If walking in to my special cafe was only this: a casual sit down almost every morning after entering a little after 8 o’clock on weekdays has been my norm. They closed on Saturdays due to the pandemic changing walk-about folks in town … less of them strolling about in our little town.
Never just that. I always need something to capture my imagination or bring out the silly sense of bravery I need to sustain me during the coming hours of the day. My dear friend across from me shifted her stressful self slightly to the left. As I ashamedly slouched in the early morning deep red vinyl bench … this image Kilroy’d itself in the beautiful, beveled glass hanging gracefully – for nearly a century – on the wall. How many reflections? How many men, women, and children examined their lives during the early morning cold, snowy minutes in February … in Hollidaysburg, PA.
I did. Slightly scrutinizing the items on my daily agenda before snapping this picture above, that is. It didn’t take much time to deep dive into a twenty-minute self-discovery because the image in the mirror amused my egg-consuming self. As I began dipping the daily under or overly toasted rye toast into those fried eggs, the mirror resemblance above didn’t go away. I couldn’t allow it. Basic words attached themselves to the depiction staring back at me. Mirror words? Yes. But slightly more meaningful since it seemed I was silently talking to myself.
Maybe it was in my eyes? I don’t really know. I look tired. This isn’t about me, though.
You never know when life looks back at you … suddenly. Moments – like early morning look backs in a very familiar town’s cafe – jump back in your face suddenly when friends shift slightly.

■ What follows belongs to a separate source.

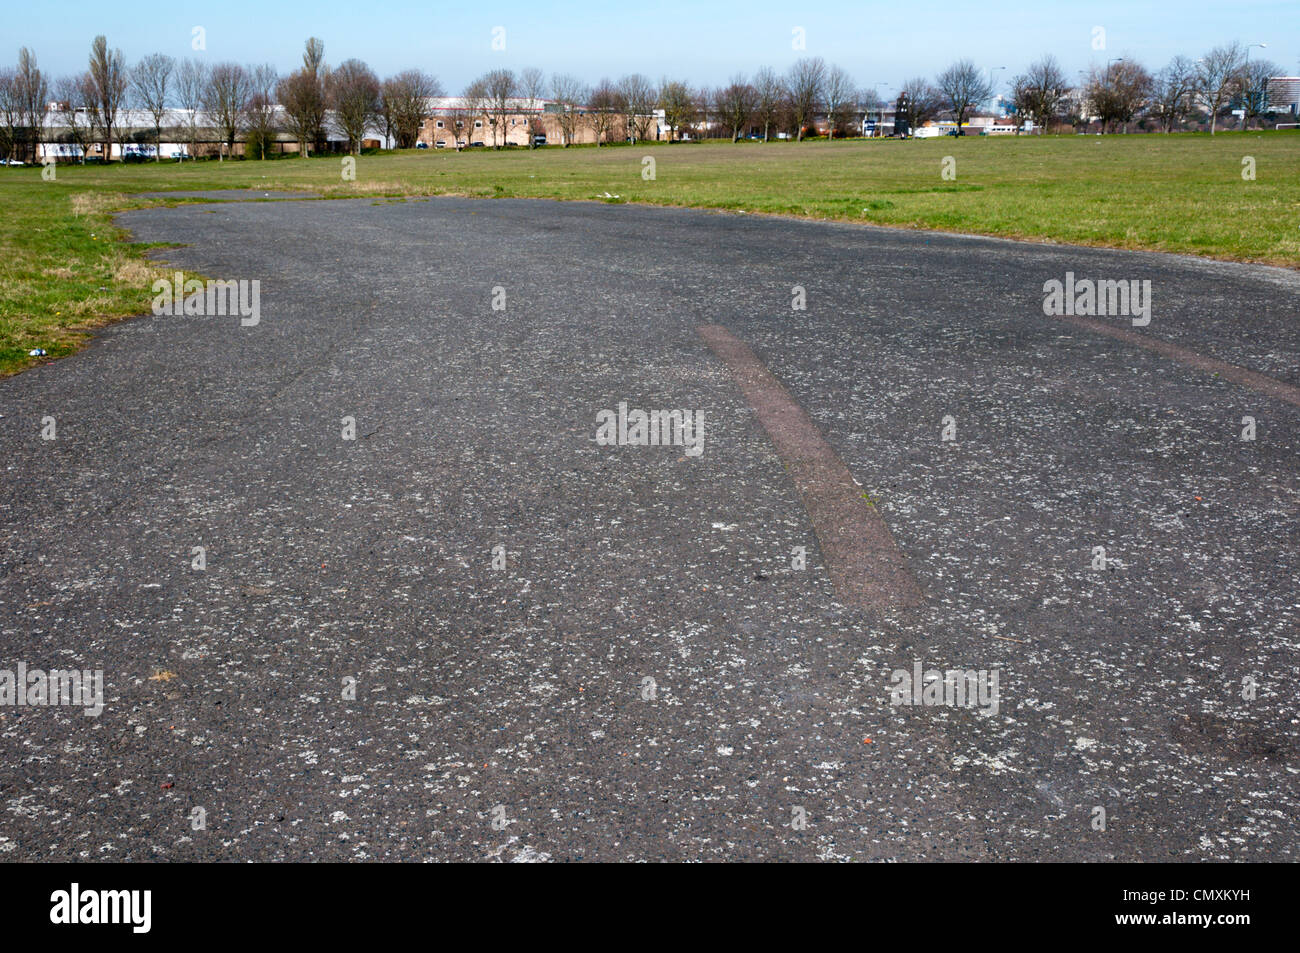 This area of tarmac is all that is left of the runways of the old Croydon Aerodrome in Roundshaw Park. SEE DESC FOR DETAILS. Stock Photo
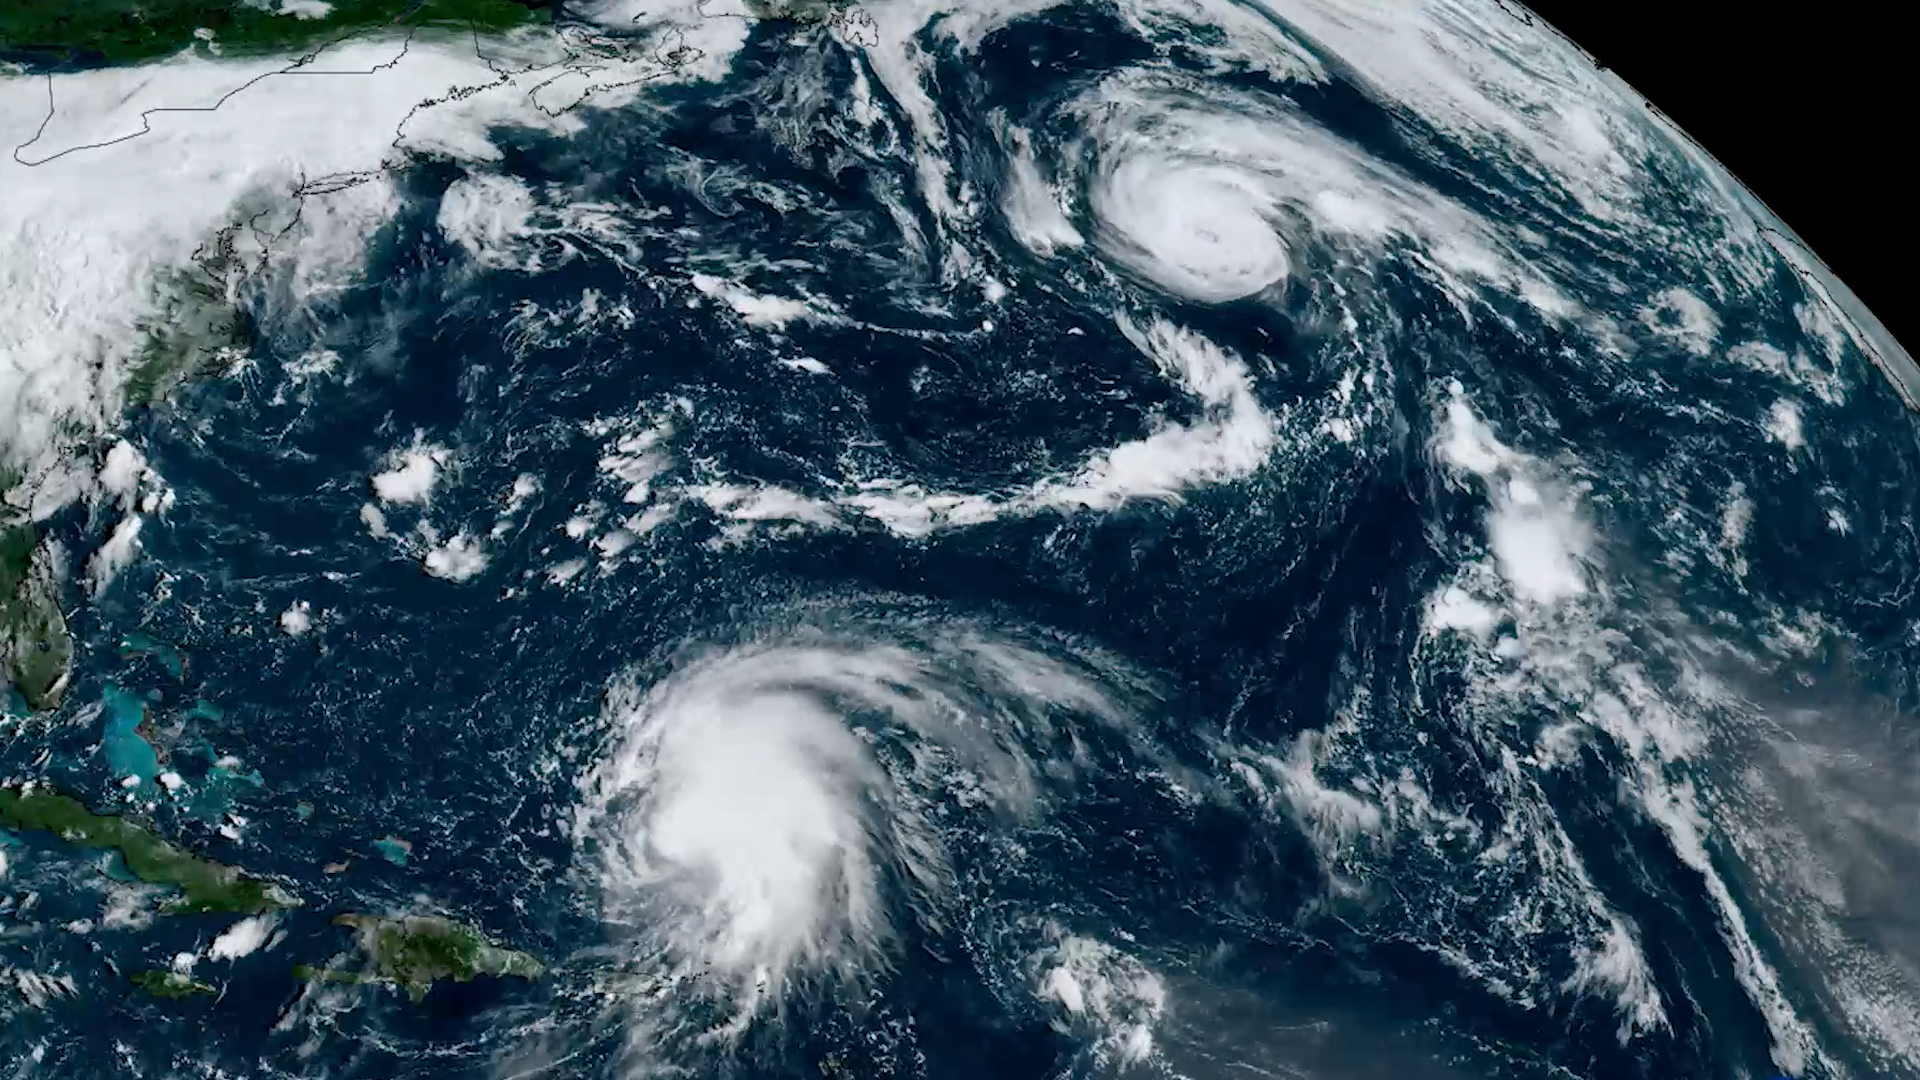 Earth from Orbit: First Atlantic Hurricanes of 2022 Arrive

Movements by others across from you, during comfortable conversations, can turn in heartbeats. Familiar words and places abruptly change. We know. Boy, do we know, right?
I know. This week, friends of friends lost a loved one. I didn’t know the young man who passed away suddenly days ago. He lived out of state, but was closely connected to a local family and, by extension, to a close friend of mine. She was sitting with me when the news of his passing pinged on her phone a few days after I sat in the comfortable morning booth. She’s a different friend than the one across from me the other day. Different place, change of scenery and seating accommodations, but a life-sudden look back for her that sent an unexpected chill down her spine. There was no mirror. Just two friends eating turkey subs beside a surprisingly warm high-top table for two near a large window facing out into another cold, winter day.
She was momentarily dazed – as expected. I would have expected nothing less, not even knowing the man who passed away. The text came in instantly – as news does these days – through her texting service, I believe, so I respected the moment’s demands and sat silently for a few seconds – perhaps a minute or two – until she respectfully replied back. Mere words, yet meaningful to those receiving on the other end. Folks in shock – as she was making a connection.
My friend Rick W., a fellow musician, posted the following on Facebook:
“Yes, you have all heard this many times. But, sometimes repetition drives the thought home. Life is indeed fragile, and can be over as quickly as one turns a light off. Embrace, love, be thankful for your family and friends, and most importantly, give yourself a hug because you truly deserve it!”
The death of the young man inspired Rick to type those words due to his close association with the family. HIS look back. His mere words that are not just those meant for his reflecting back on us. Helping us to remember one who is suddenly no longer here. A Covid death among the many.
One man no longer here I never knew. One man – out of state – who is, now, joined to me because I have a habit of walking into a favorite, old cafe where so many have gone before me. Tired eyes looking back at me I’ve seen so many times before … and always with a message of hope in some weirdly shaped glass bottle washing up from the ocean of our experiences. Glass from a mirror with mere words meaning so much more as each day passes.
We have hope that these reflections keep the memories of those gone suddenly are still alive in our memories. They changed our lives while they were here. Yes, an overused cliché. Yes, admittedly in my early morning brain, I could come up with better words perhaps, but there aren’t any. Life is precious.
I have a few in my life that make the moments very special. They are here. Now. No words are really necessary to express how special they are.
As I look back at myself – looking at myself looking at myself – it’s just a silly picture. A casual sit down almost every morning after entering a little after 8 o’clock on weekdays is my reality.
For years upon years, the morning ritual of a bathroom mirror reflection has been so commonplace for ALL of us. We forget how special our lookbacks can be. It takes that special little shift to the left of a friend for us to realize how special our lives are … not only to us, but also to those who call us friends.
But, these are just mirror words. Go live. Find your eyes and take a picture. Sit back and enjoy a few minutes of the joy that is your life. The now.